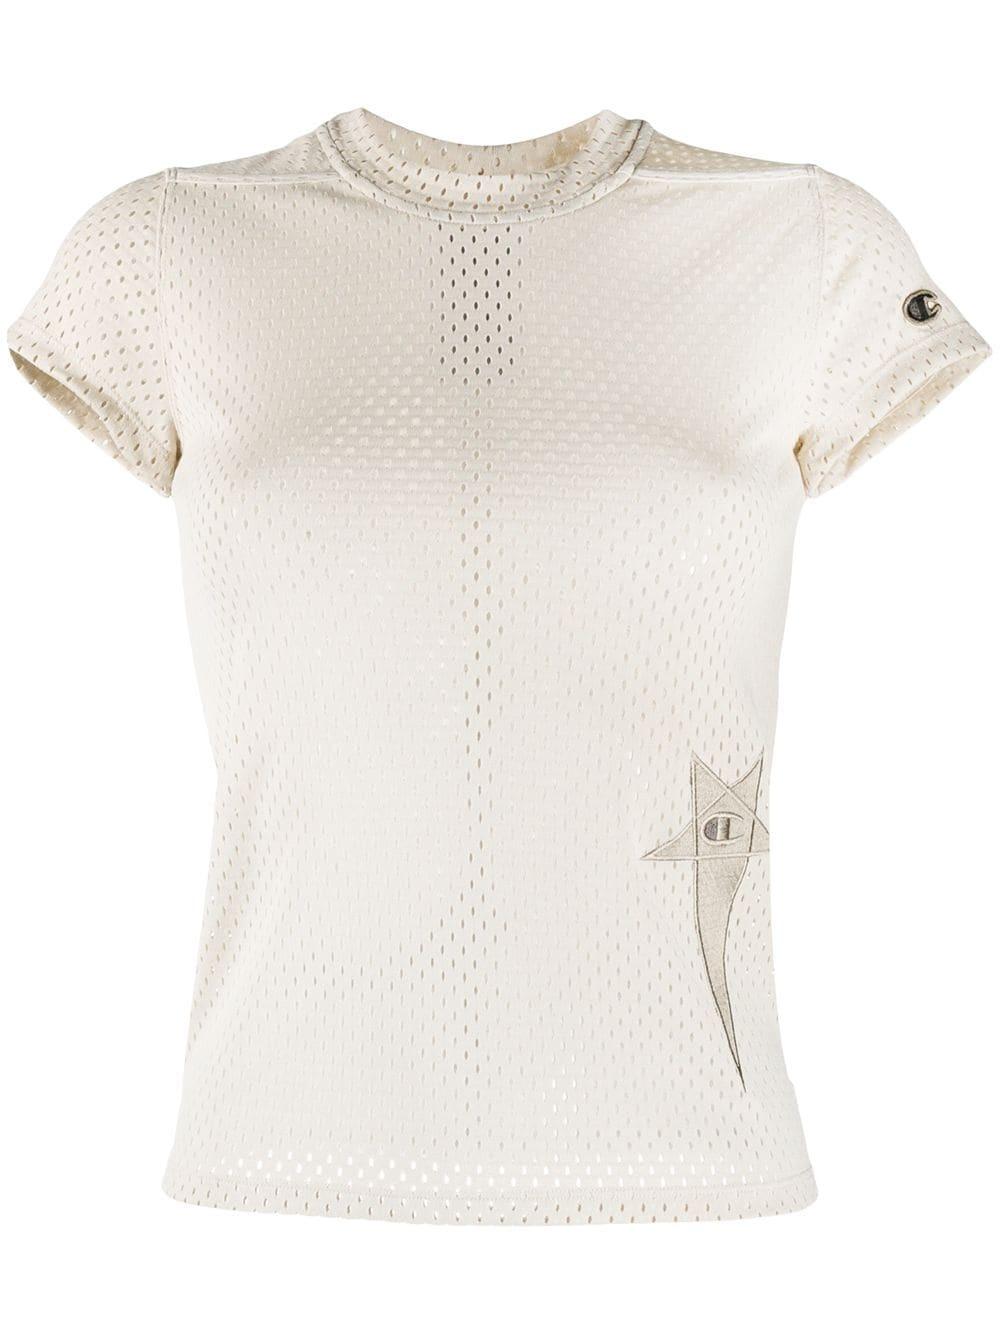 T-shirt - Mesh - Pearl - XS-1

■ ■ ■ ■

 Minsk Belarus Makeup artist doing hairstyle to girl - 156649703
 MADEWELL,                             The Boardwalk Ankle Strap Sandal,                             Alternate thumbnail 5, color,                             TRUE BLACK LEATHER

■ ■ ■ ■

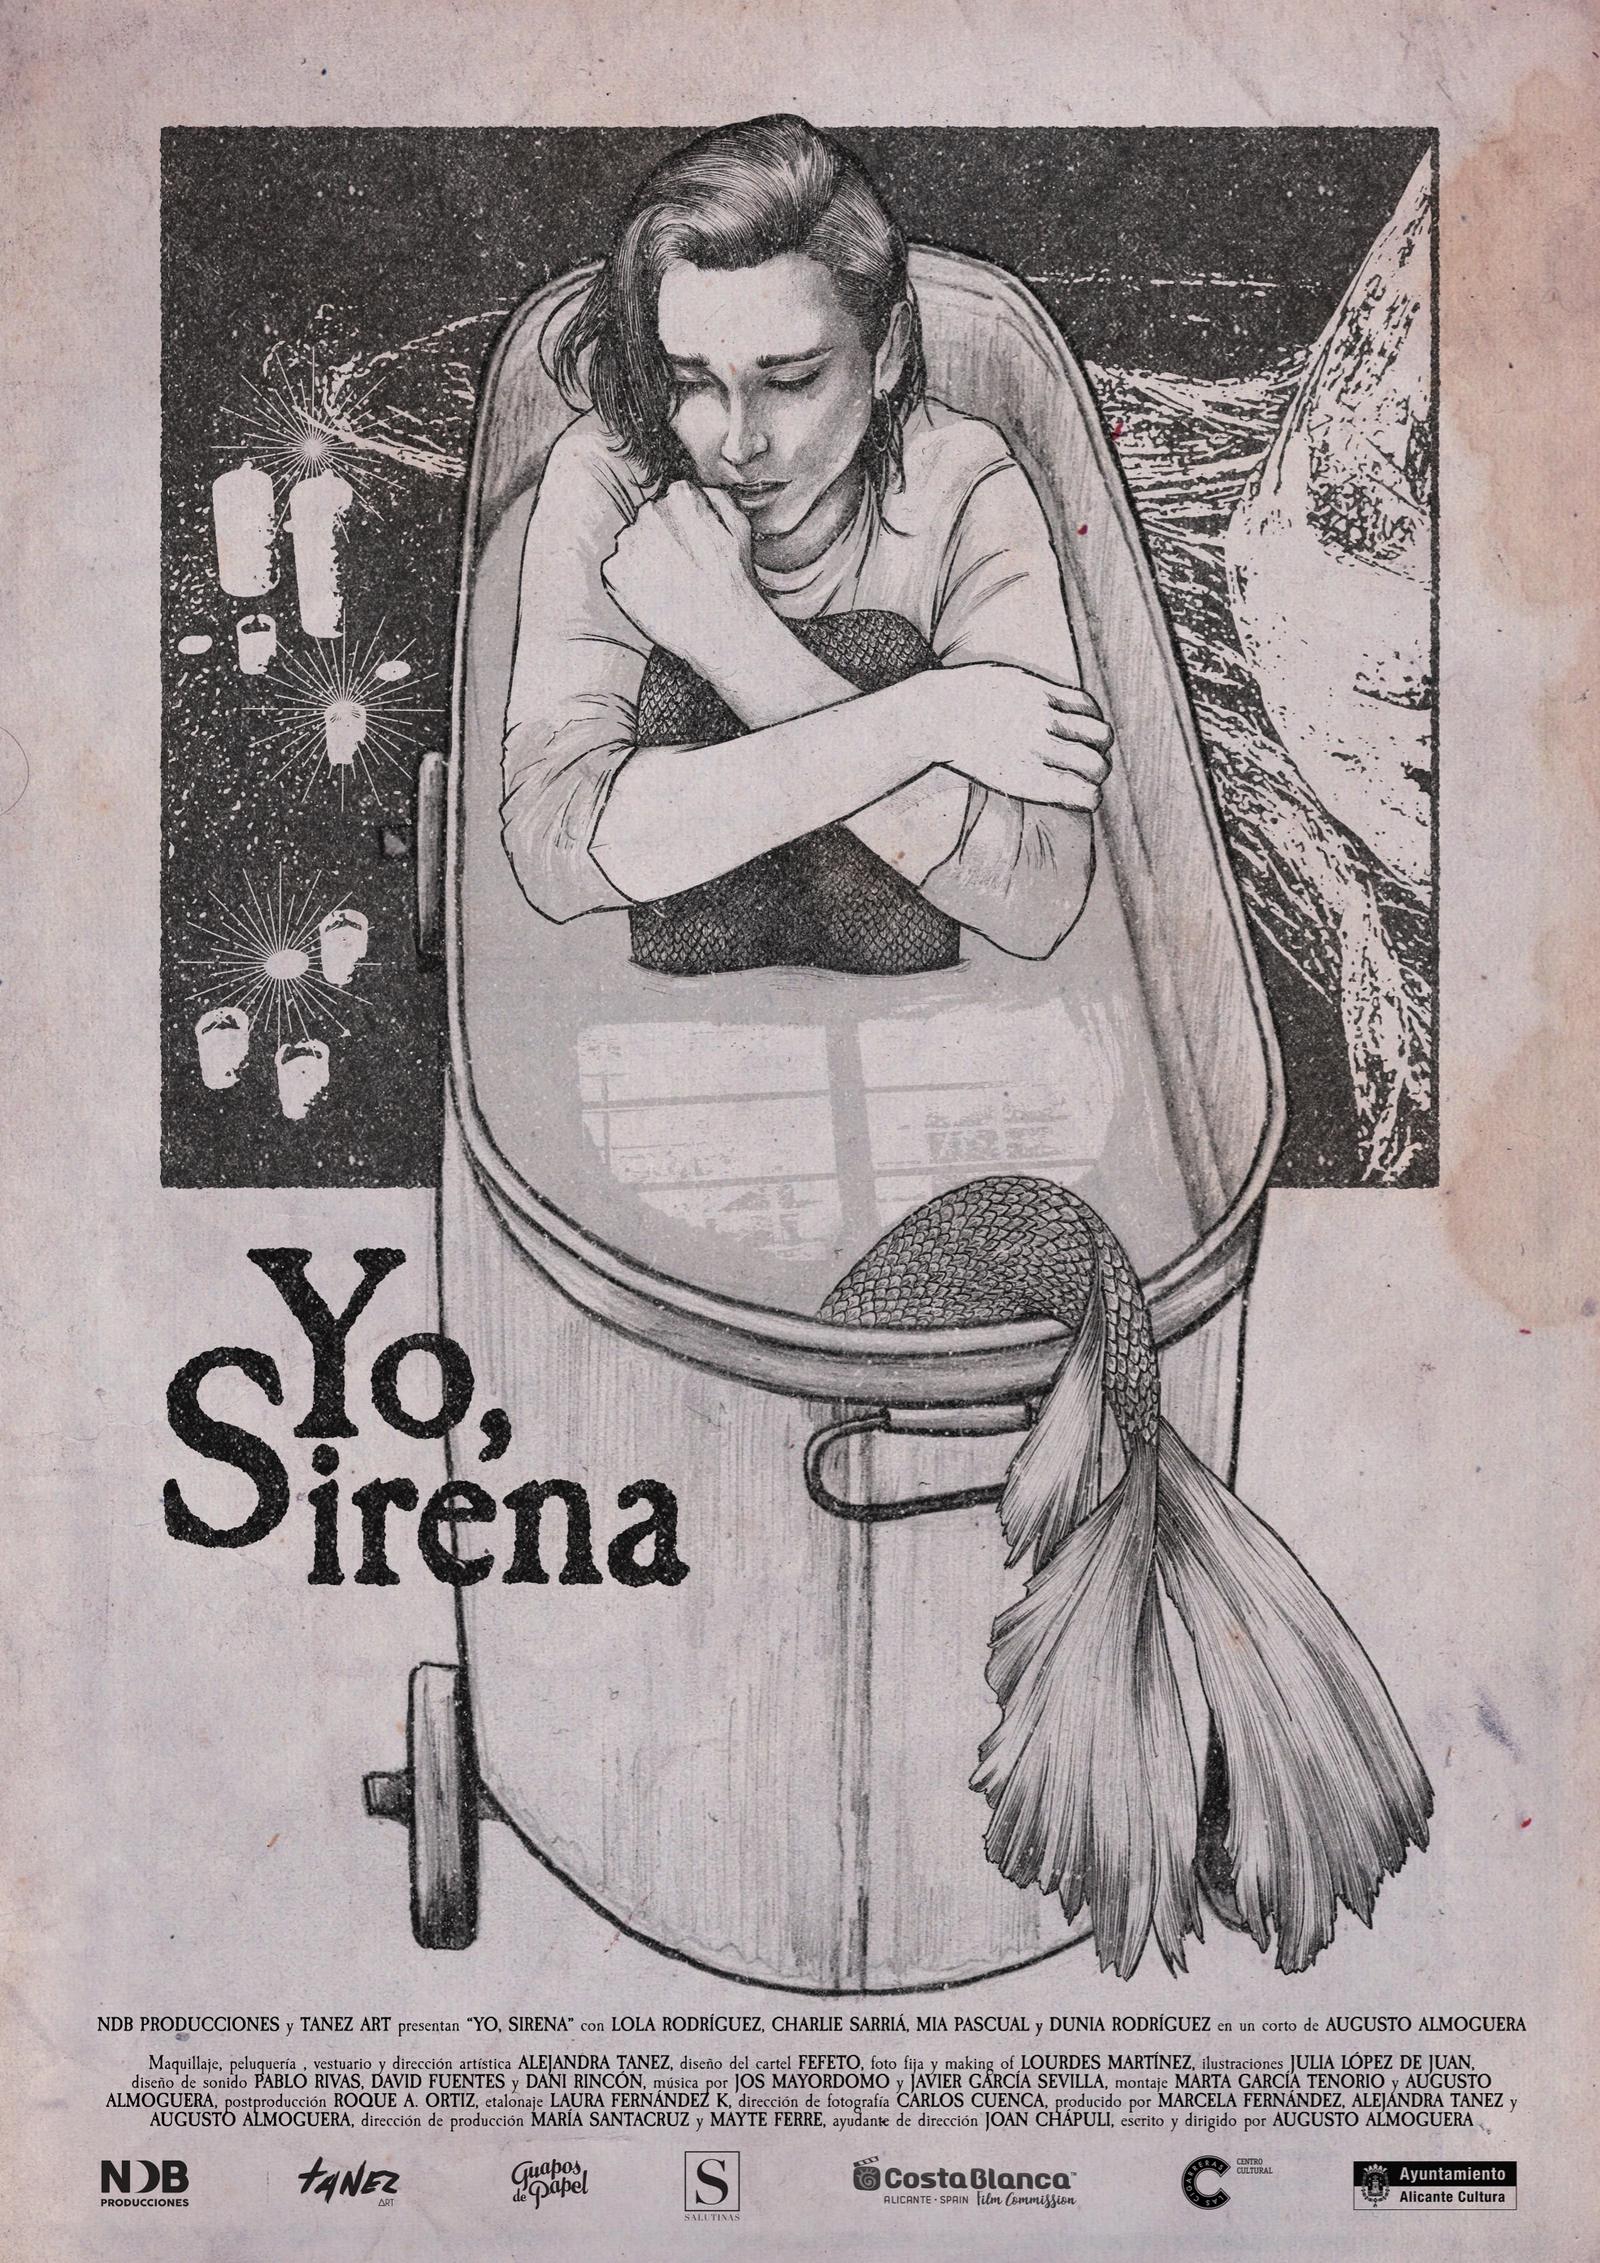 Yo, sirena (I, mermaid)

■ ■ ■ ■

[ACTION ITEM] Each line in the entries above, starting at the line with "Minsk Belarus Makeup" and ending at the line with "TRUE BLACK LEATHER", is to be printed exactly, and only those lines.

[EXERCISE SOLUTION]
 Minsk Belarus Makeup artist doing hairstyle to girl - 156649703
 MADEWELL,                             The Boardwalk Ankle Strap Sandal,                             Alternate thumbnail 5, color,                             TRUE BLACK LEATHER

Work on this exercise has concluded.